The co-chair of the Oxford University Labor Club (OULC), Alex Chalmers, recently drew attention to left-wing anti-Semitism in Britain by resigning from his position rather than joining the club’s endorsement of “Israel Apartheid Week.” He writes:
During my year-and-a-half as an active member of the OULC, I found that [anti-Semitic] attitudes were prevalent. The word “Zio” was part of the club’s lexicon, despite its [clearly anti-Semitic] connotations eventually becoming widely known, the song “Rockets over Tel Aviv” was a favorite among a certain faction of the club, and the concerns of Jewish students over issues such as Israel Apartheid Week were ridiculed. . . .
What prompted me to resign in such a public fashion was witnessing just how passionate, over the top, and catch-all “anti-Zionism” was. I am no stranger to bad-tempered meetings or sharp debate, but the sheer hatred people felt was visible in their eyes. The motion [regarding Apartheid Week] was written deliberately to make me feel uncomfortable: [it] mandated that the co-chairs condemn “Israeli Apartheid” when asked to do so. In the meeting, members of the club were shouted down by a small clique, Jewish students were laughed at, and there was an attempt to deny paid-up members of the club who opposed the motion the right to vote.
Added to this, I was denounced as a Zionist stooge, and while I was counting the votes, someone stood over me suggesting that my Zionist sympathies meant that I might try to rig the ballot. . . .

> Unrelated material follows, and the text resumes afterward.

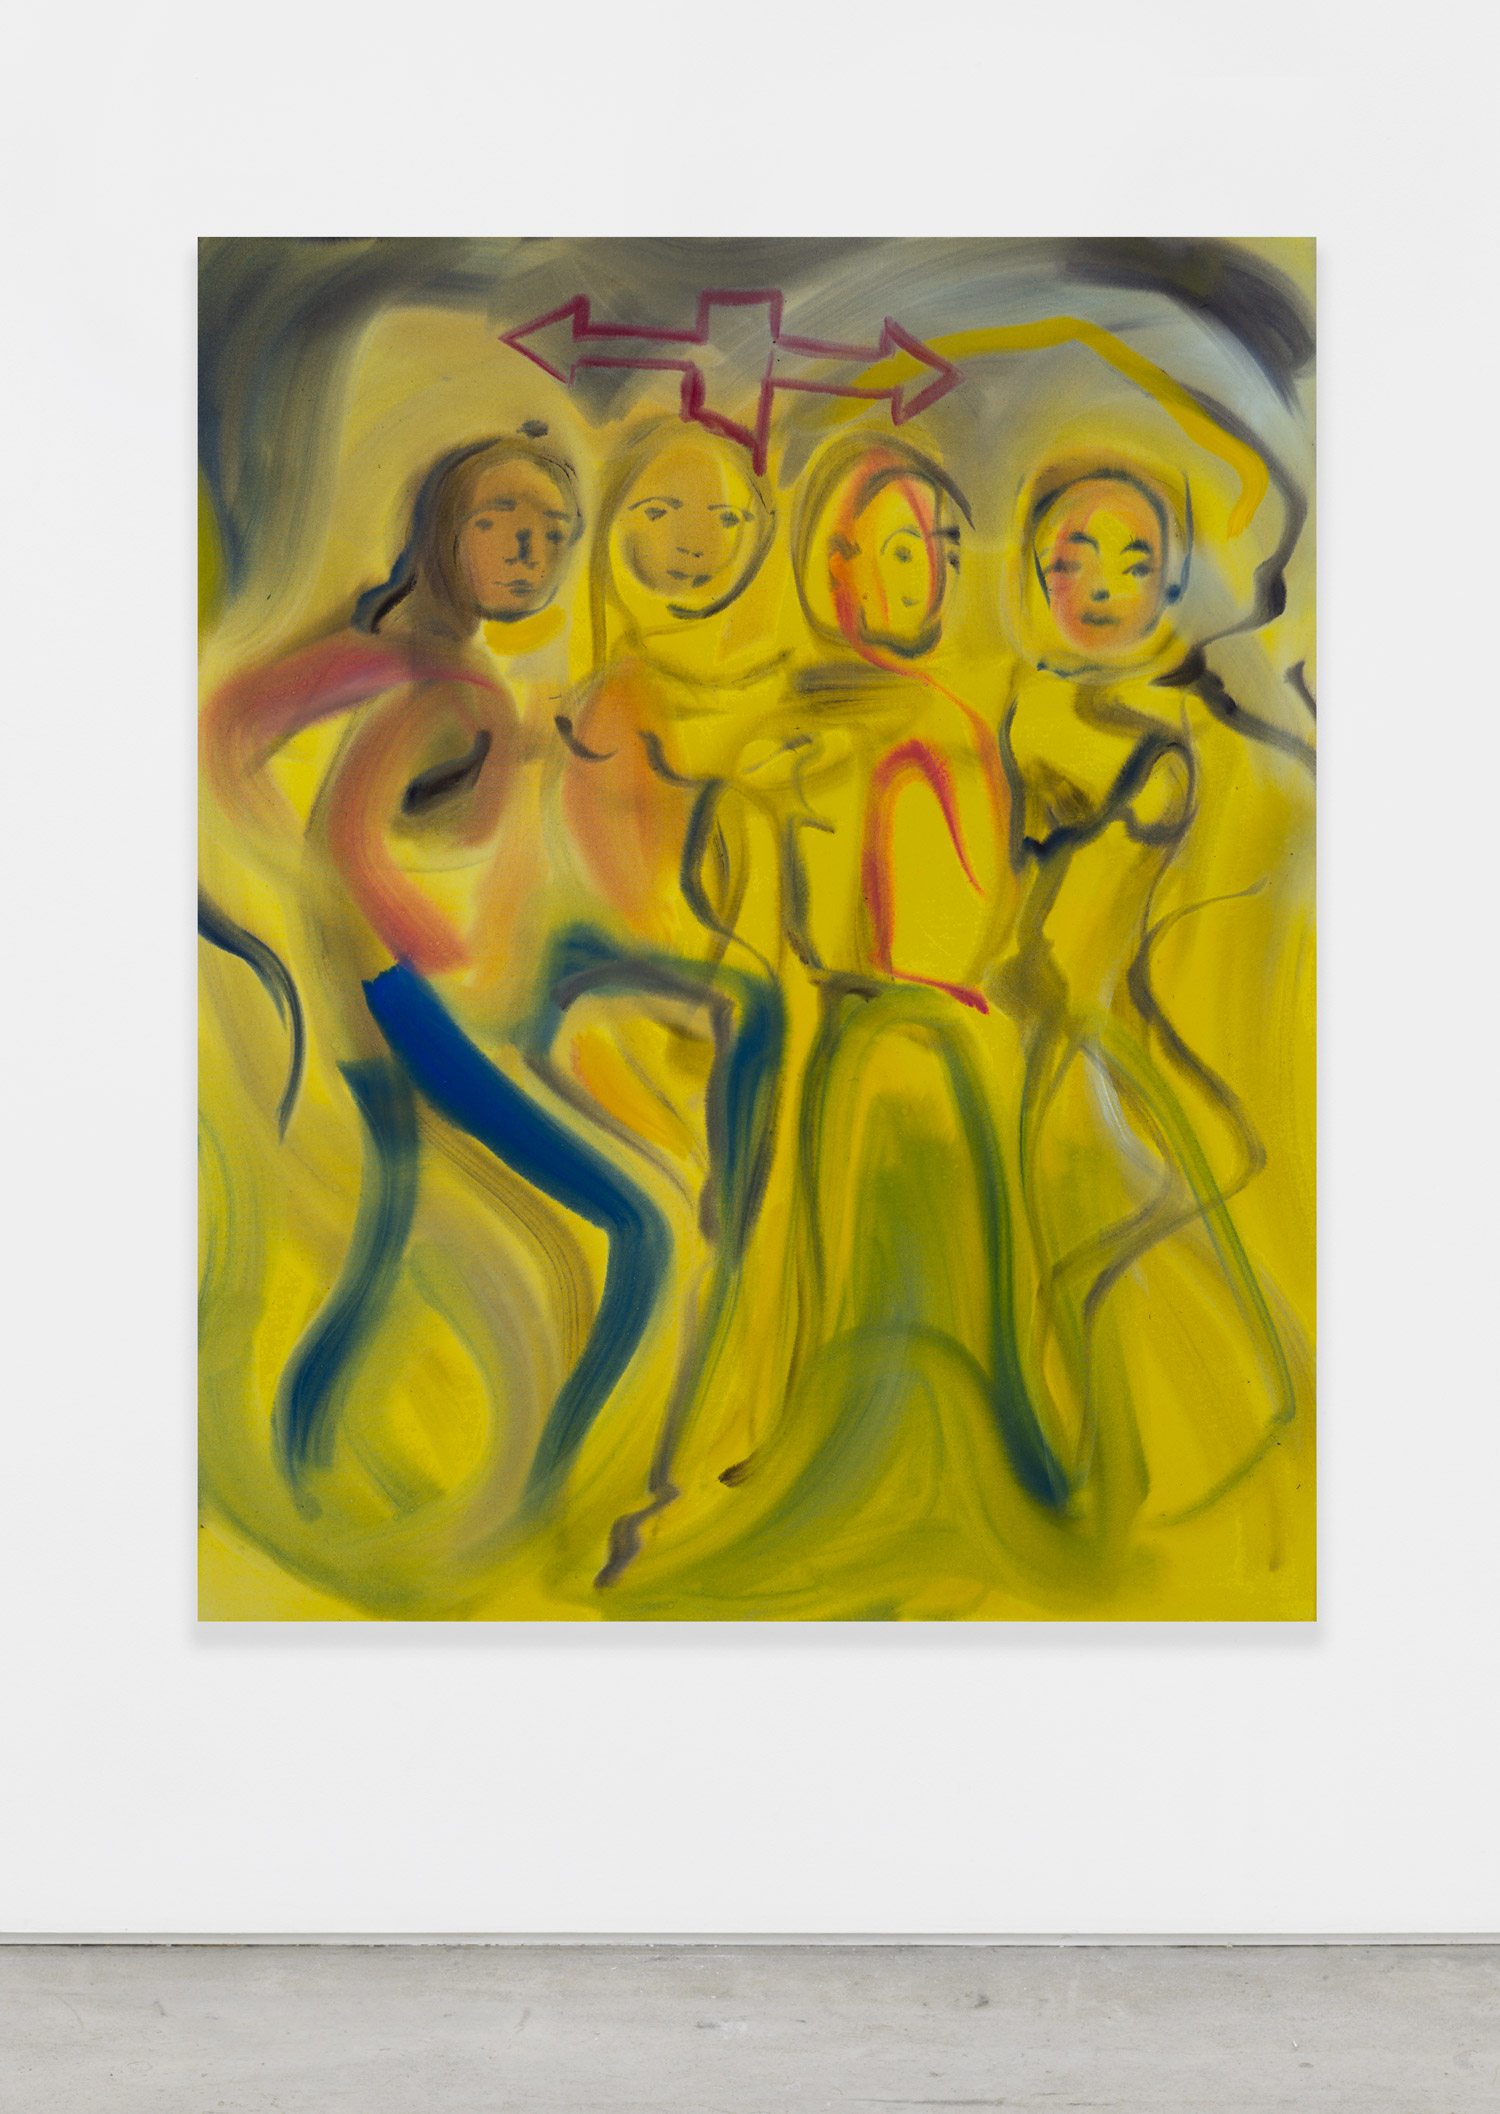 Sophie von Hellermann, Pilgrims, 2018, acrylic on canvas, 62.99h x 51.18w in.

In a way, the anti-Semitic incidents I witnessed in OULC are less troubling than the culture which allowed such behavior to become normalized. It is common to encounter anti-Semitic individuals in all walks of life, but the mass turning-of-a-blind-eye that has come to characterize vast parts of the left is chilling. As anti-Semites can double up as vocal critics of Israel, there is a marked tendency on the left to view them as fellow travelers whose hearts are in the right place—so their rhetoric passes the test of social acceptability.